To stimulate the work of medical workers, special amounts of allowances and surcharges were established by the already mentioned Decree of the President of the Russian Federation of May 13, 1992 N 508 "On additional measures to stimulate the work of health workers", which was specified by the Decree of the Ministry of Labor and Employment of the Russian Federation of June 8 1992 N 17 "On the amount of allowances and additional payments for health care workers and social protection of the population" (BMT RF. 1992. N 7 - 8). In these acts, the concept of "medical worker" is actually identified with the concept of "health worker", which is considered not only middle, but also junior medical personnel, as well as workers of ambulance and emergency medical care, including drivers of ambulance vehicles.

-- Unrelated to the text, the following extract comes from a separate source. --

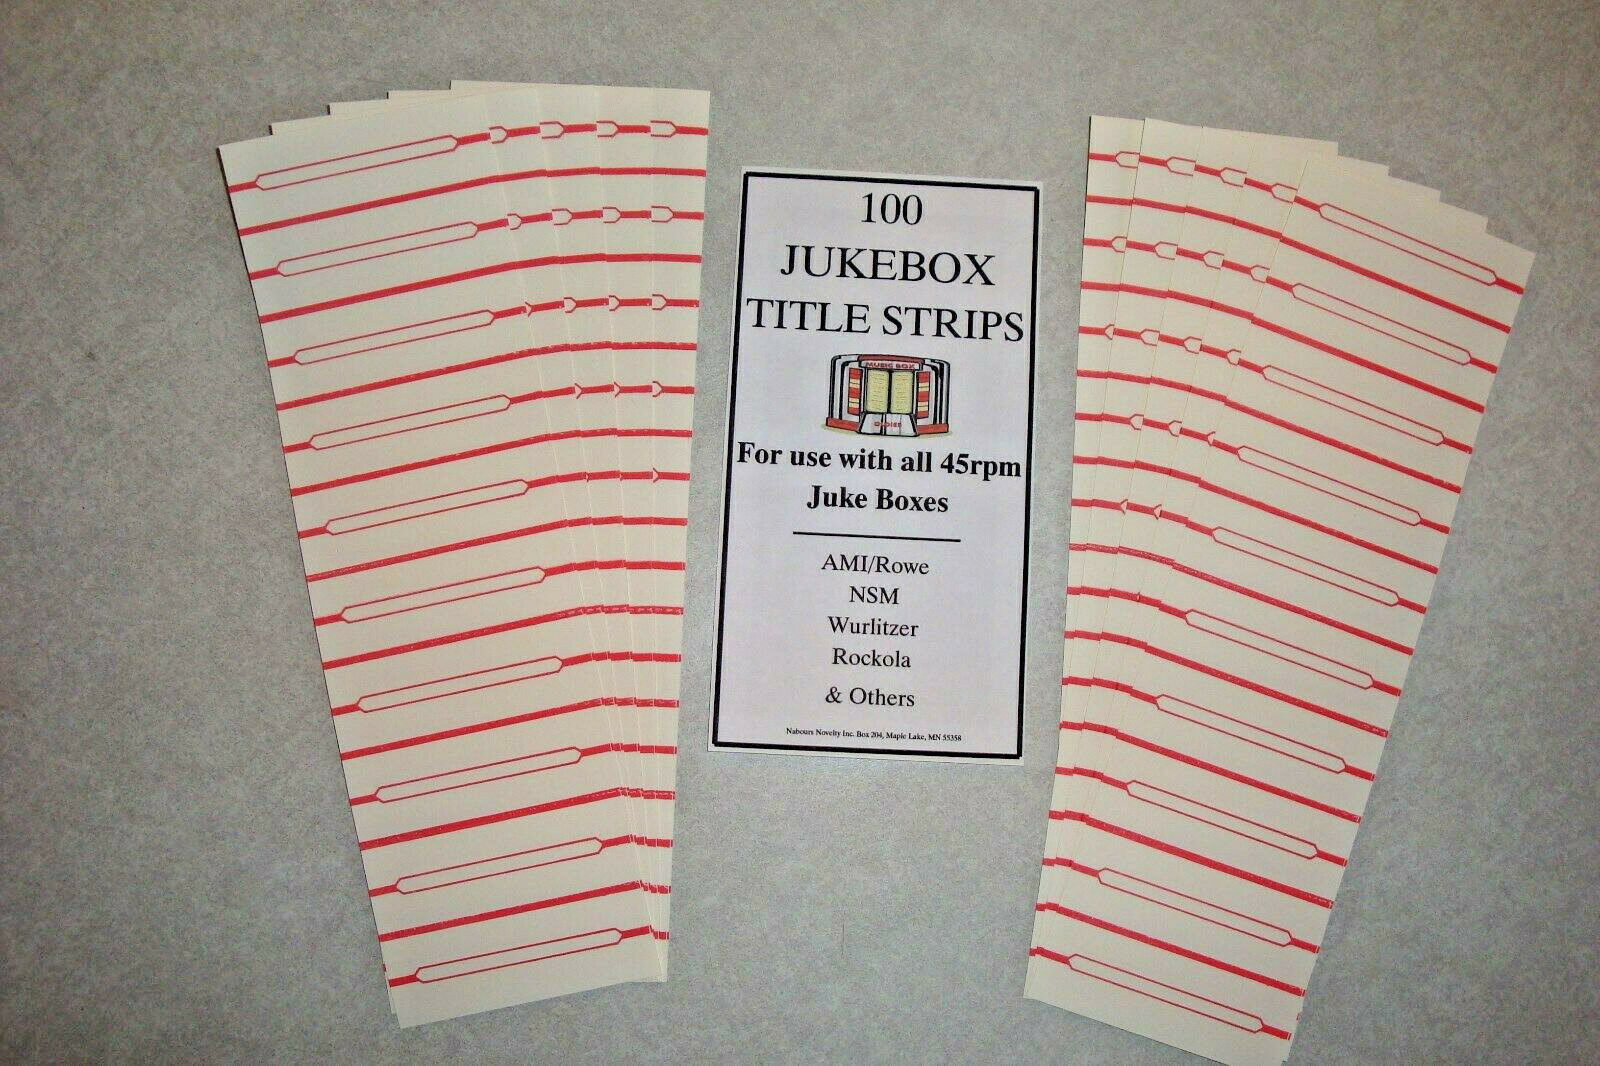 Jukebox Blank Title Strips, Jukebox Labels, 45rpm, 100 Strips, From The Usa!

It should be especially noted that the duration of part-time work in healthcare organizations located in rural areas and in urban-type settlements can be no more than 8 hours a day and 39 hours a week (Decree of the Government of the Russian Federation of November 12, 2002 N 813 " On the duration of part-time work in health care organizations of medical workers living and working in rural areas and in urban-type settlements "(SZ RF. 2002. N 46)).

General practitioners (family doctors) and nurses of general practitioners (family doctors) have an annual additional paid 3-day leave for continuous work in these positions over 3 years (Decree of the Government of the Russian Federation of December 30, 1998 N 1588 "On establishing general practitioners (family doctors) and nurses of general practitioners (family doctors) of the annual additional paid 3-day leave for continuous work in these positions "(SZ RF. 1999. N 2)).

In a systematic form, many of the rules specifying the features of the work of medical workers provided for by higher-level regulatory legal acts are contained in the previously mentioned Regulation on the remuneration of health workers in the Russian Federation, approved by Order of the Ministry of Health of the Russian Federation of October 15, 1999 N 377.